A turbofan engine typically includes a fan nacelle surrounding a core nacelle. A spool is housed in the core nacelle and supports a compressor and turbine. A turbofan is arranged in the fan nacelle upstream from the core nacelle. Flow from the turbofan bypasses the core nacelle through a bypass flow path arranged between the core and fan nacelles. The bypass flow path includes an exit nozzle that is typically fixed. In many turbofan engines, the turbofan is driven directly by the spool and rotates at the same speed as the spool.

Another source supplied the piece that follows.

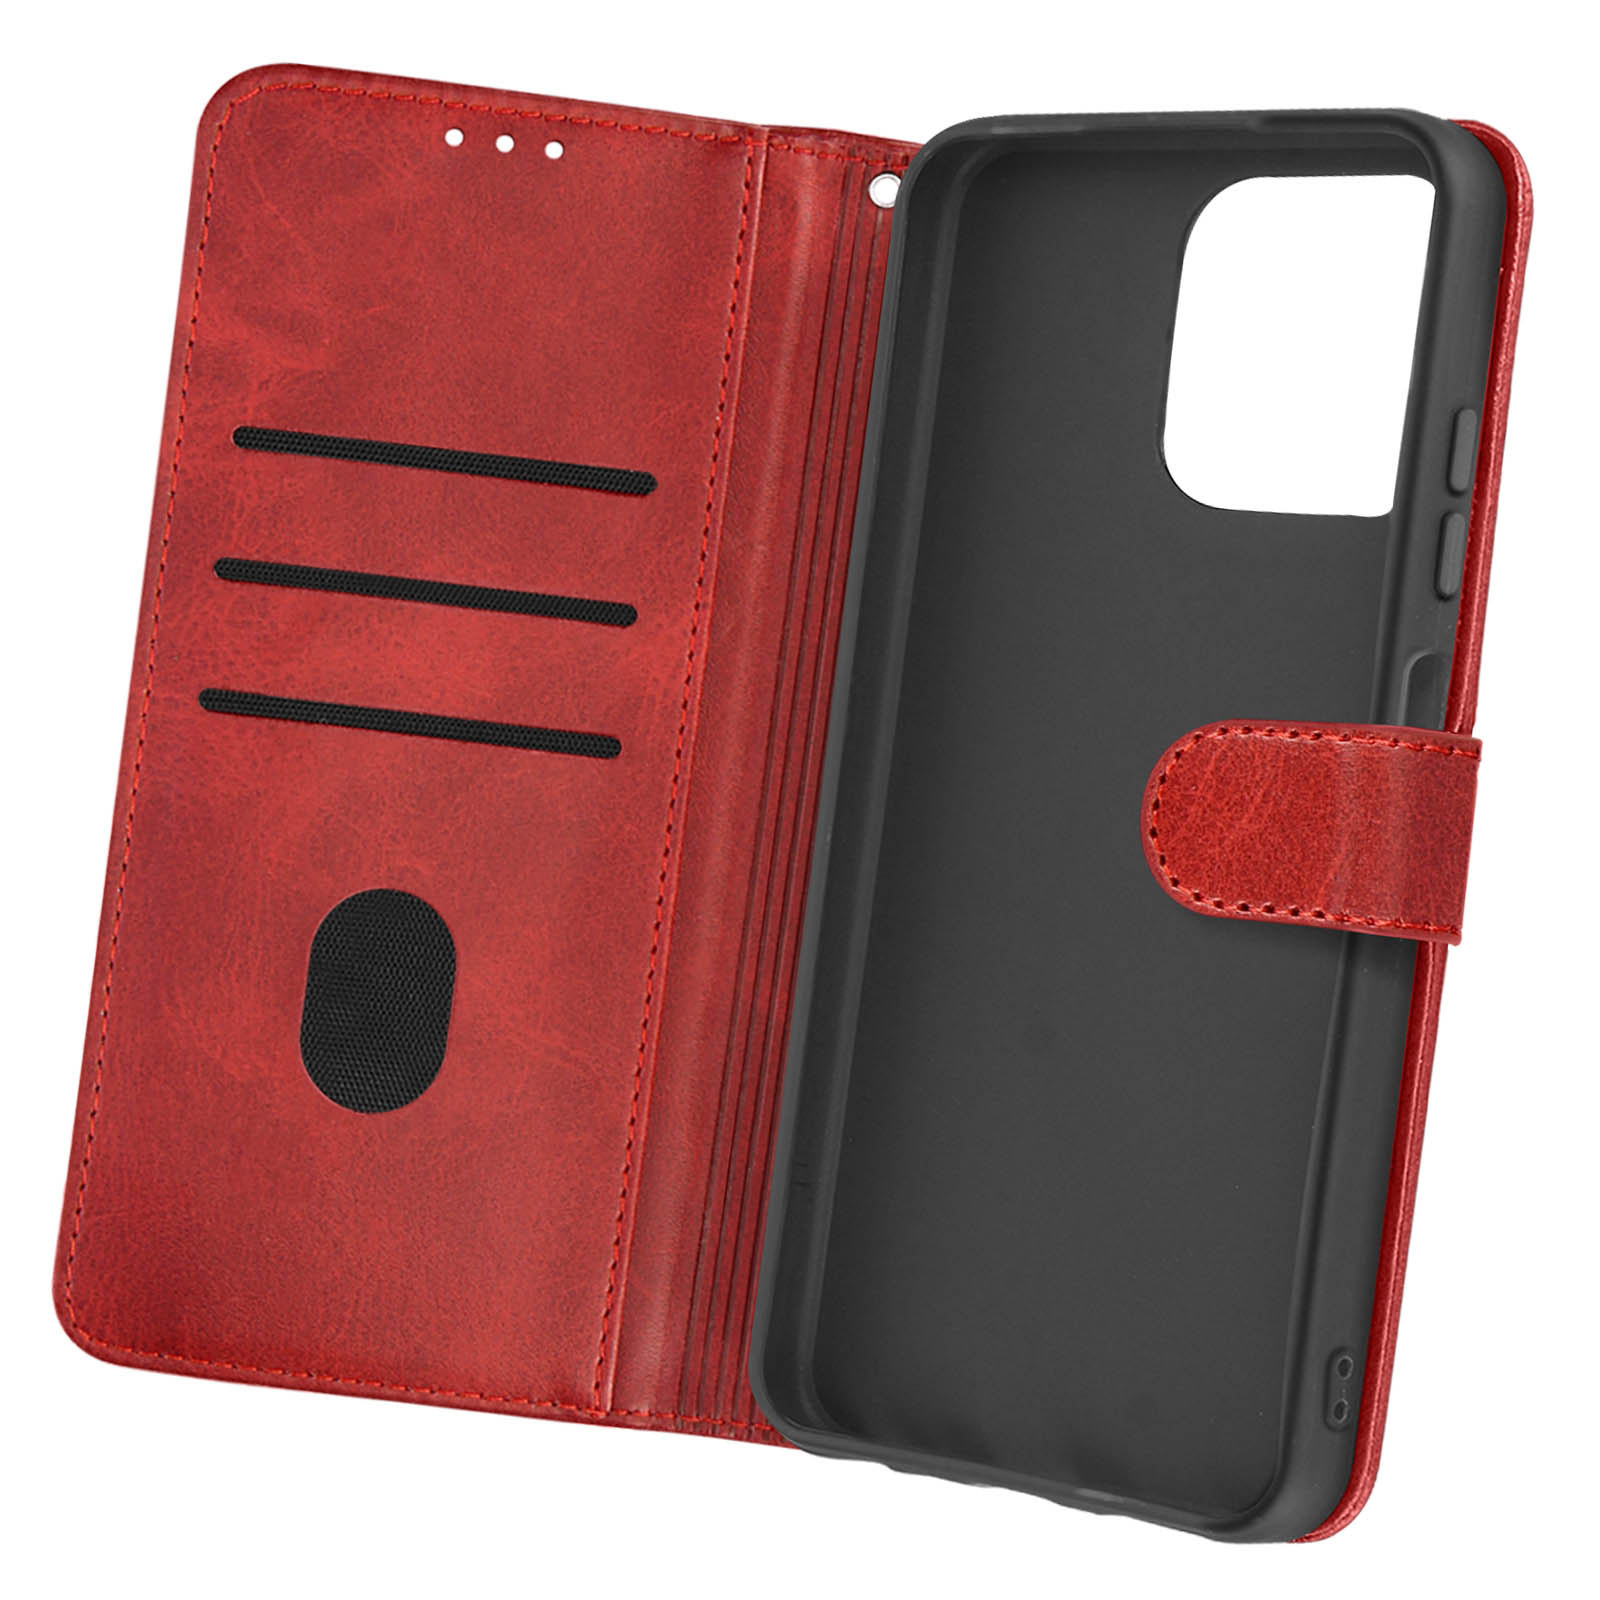 16 Bookstyle Rot Series, Note Bookcover, AVIZAR Ulefone, Pro,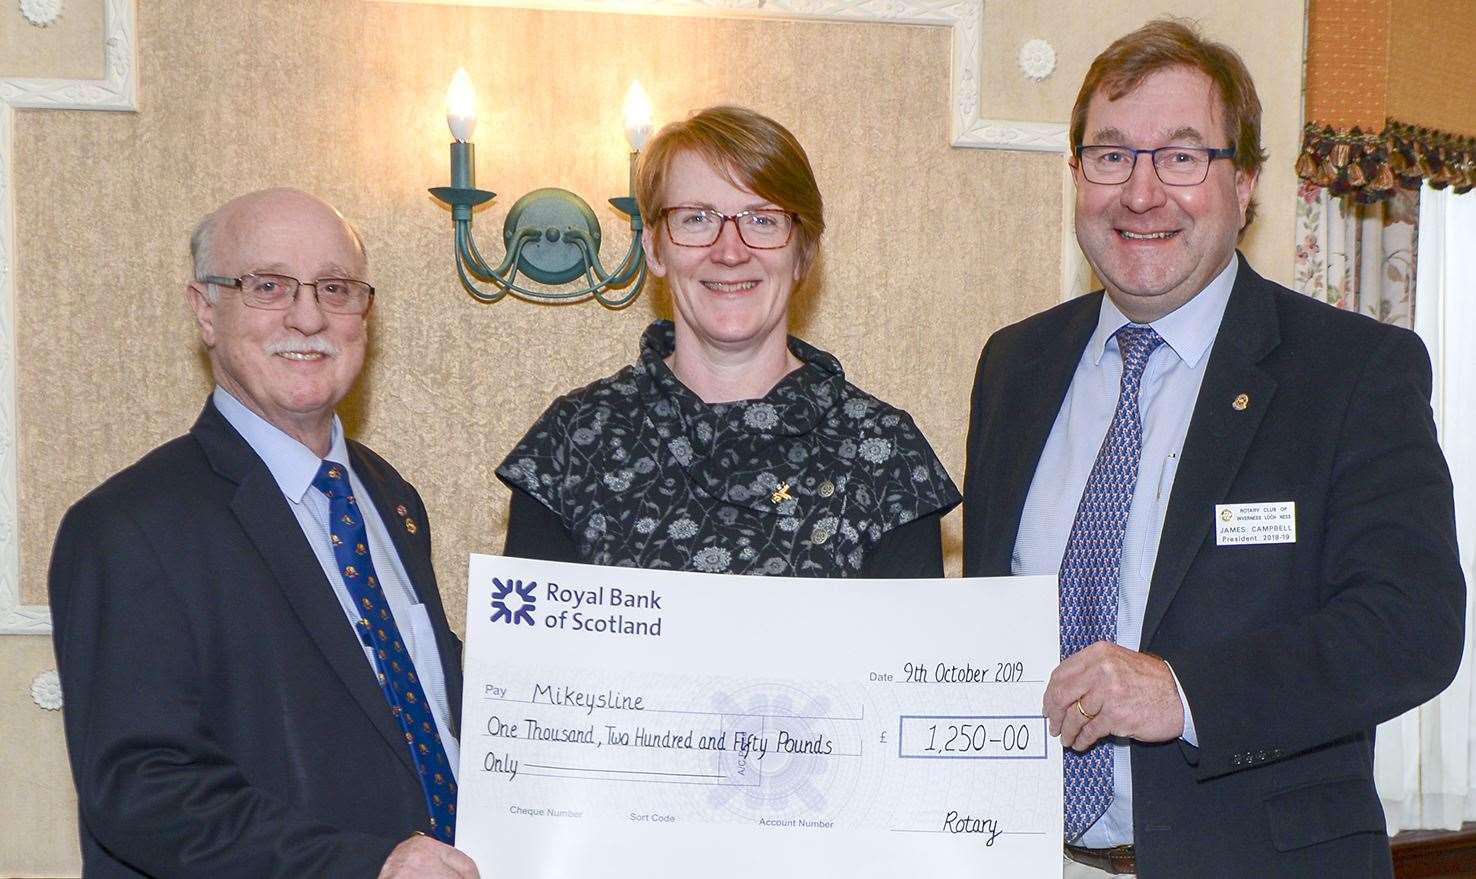 Mikeysline’s Donna Smith (centre) with Rotary Club members Nicol Manson and James Campbell.

The engine's design is affected by such factors as the pressure ratio of the turbofan. Propulsive efficiency improvements, and hence fuel consumption, can be gained by reducing the turbofan pressure ratio. Direct drive turbofan engines have several design challenges. In one example, the speed of the spool is determined by the appropriate tip speed for a desired turbofan pressure ratio. In some applications, as the turbofan pressure ratio is reduced, additional compressor and turbine stages must be added to the spool to obtain the needed amount of work from the compressor and turbine at this speed. The result is increased engine weight and cost.

Some turbofan engines employ structure at the aft portion of the bypass flow path that is used to change the physical area of the nozzle. This arrangement enables manipulation of various engine operating conditions by increasing and decreasing the nozzle area. However, this type of engine arrangement has used a turbofan driven directly by the spool.

What is needed is a turbofan engine having a turbofan that is decoupled from the low spool and provisioned with an effectively adjustable fan nozzle that provides improved efficiency.

SUMMARY OF THE INVENTION

A turbofan engine is provided that includes a fan nacelle surrounding a core nacelle. The core nacelle houses a spool. The fan and core nacelles provide a bypass flow path having a nozzle exit area. A turbofan is arranged within the fan nacelle upstream from the core nacelle. A flow control device is adapted to effectively change the nozzle exit area to obtain a desired operating condition for the turbofan engine. A gear train couples the spool and turbofan for reducing a turbofan rotational speed relative to the spool rotational speed.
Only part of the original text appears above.